Чарский подумал, что неаполитанец собирается дать несколько концертов на виолончеле, и развозит по домам свои билеты. Он уже хотел вручить ему свои двадцать пять рублей и скорее от него избавиться, но незнакомец прибавил:
– Надеюсь, Signor, что вы сделаете дружеское вспоможение своему собрату, и введете меня в дома, в которые сами имеете доступ.
Невозможно было нанести тщеславию Чарского оскорбления более чувствительного. Он спесиво взглянул на того, кто назывался его собратом.
– Позвольте спросить, кто вы такой, и за кого вы меня принимаете? – спросил он, с трудом удерживая свое негодование.
Неаполитанец заметил его досаду.
– Signor, – отвечал он запинаясь… – ho creduto… ho sentito… la vostra еccelenza mi perdonera…[17]
– Что вам угодно? – повторил сухо Чарский.
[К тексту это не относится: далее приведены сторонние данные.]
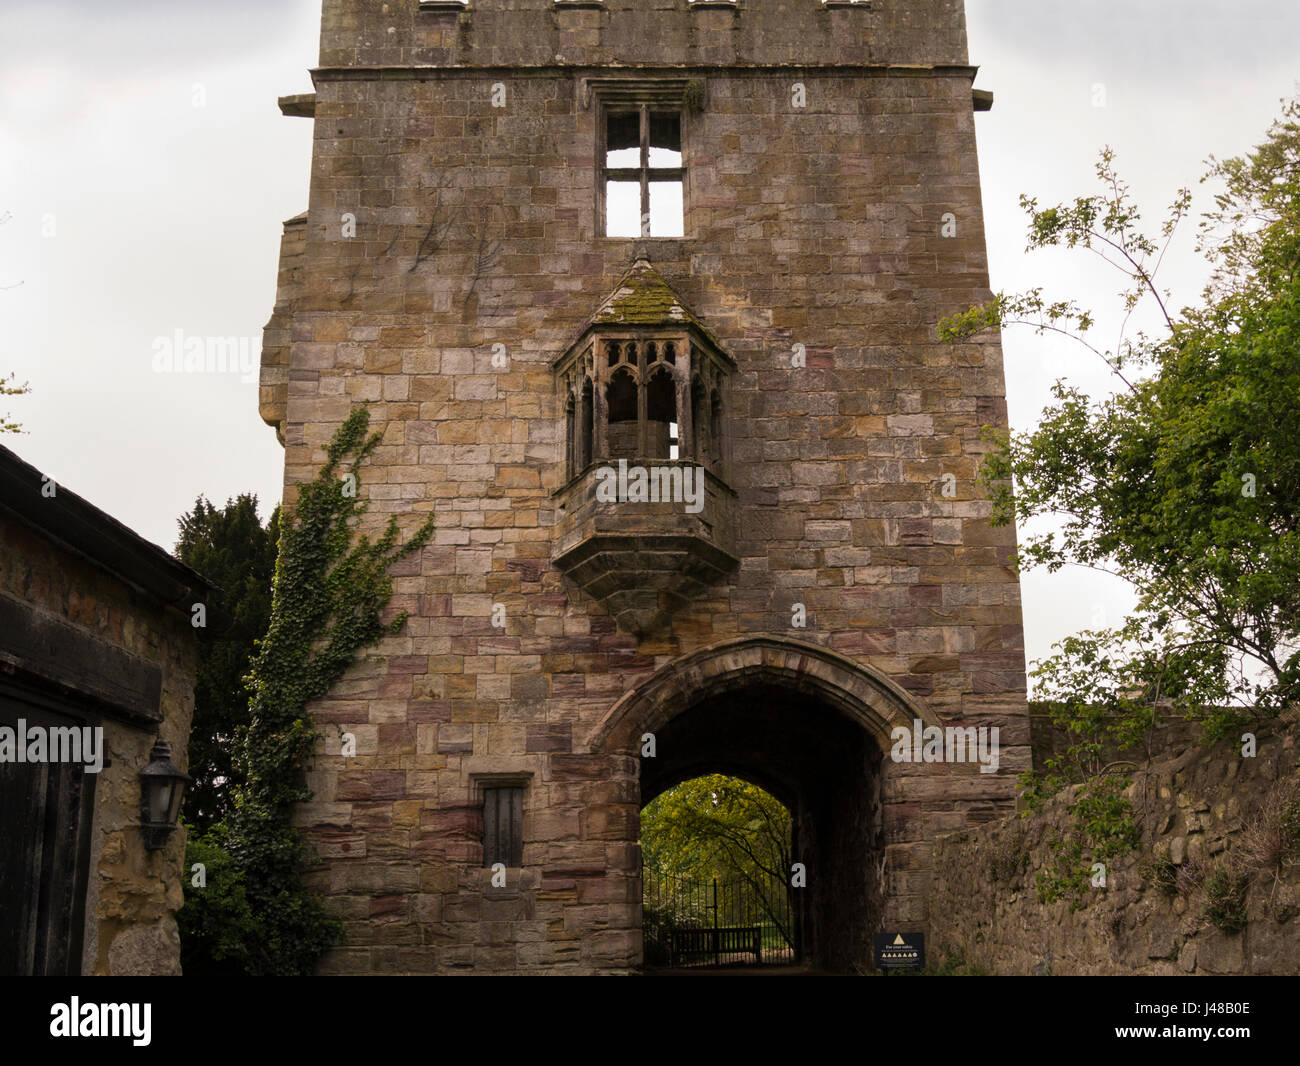 Marmion Tower 15thc Gatehouse à manoir perdu West Yorkshire Angleterre Nord Tanfield UK de la projection de l'oriel Banque D'Images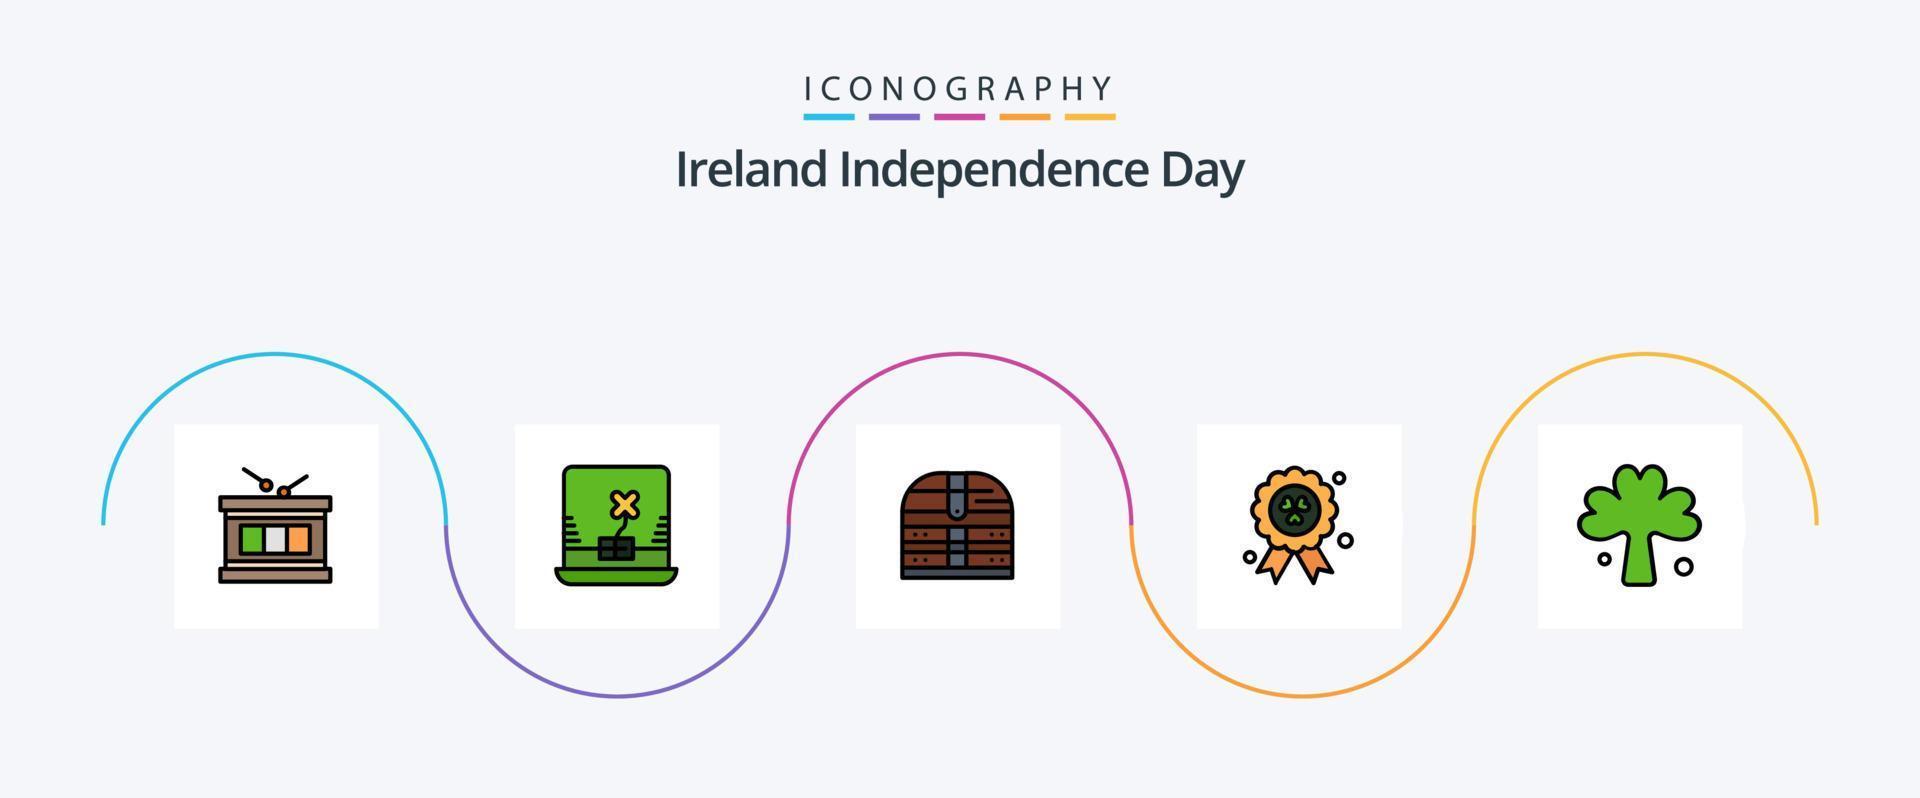 la línea del día de la independencia de irlanda llenó el paquete de iconos planos 5, incluido el irlandés. verde. dinero. trébol. madel vector

– Я много слыхал о вашем удивительном таланте; я уверен, что здешние господа ставят за честь оказывать всевозможное покровительство такому превосходному поэту, – отвечал итальянец, – и потому осмелился к вам явиться…
– Вы ошибаетесь, Signor, – прервал его Чарский. – Звание поэтов у нас не существует. Наши поэты не пользуются покровительством господ; наши поэты сами господа, и если наши меценаты (черт их побери!) этого не знают, то тем хуже для них. У нас нет оборванных аббатов, которых музыкант брал бы с улицы для сочинения libretto. У нас поэты не ходят пешком из дому в дом, выпрашивая себе вспоможения. Впрочем, вероятно вам сказали в шутку будто я великий стихотворец. Правда, я когда-то написал несколько плохих эпиграмм, но слава богу с господами стихотворцами ничего общего не имею и иметь не хочу.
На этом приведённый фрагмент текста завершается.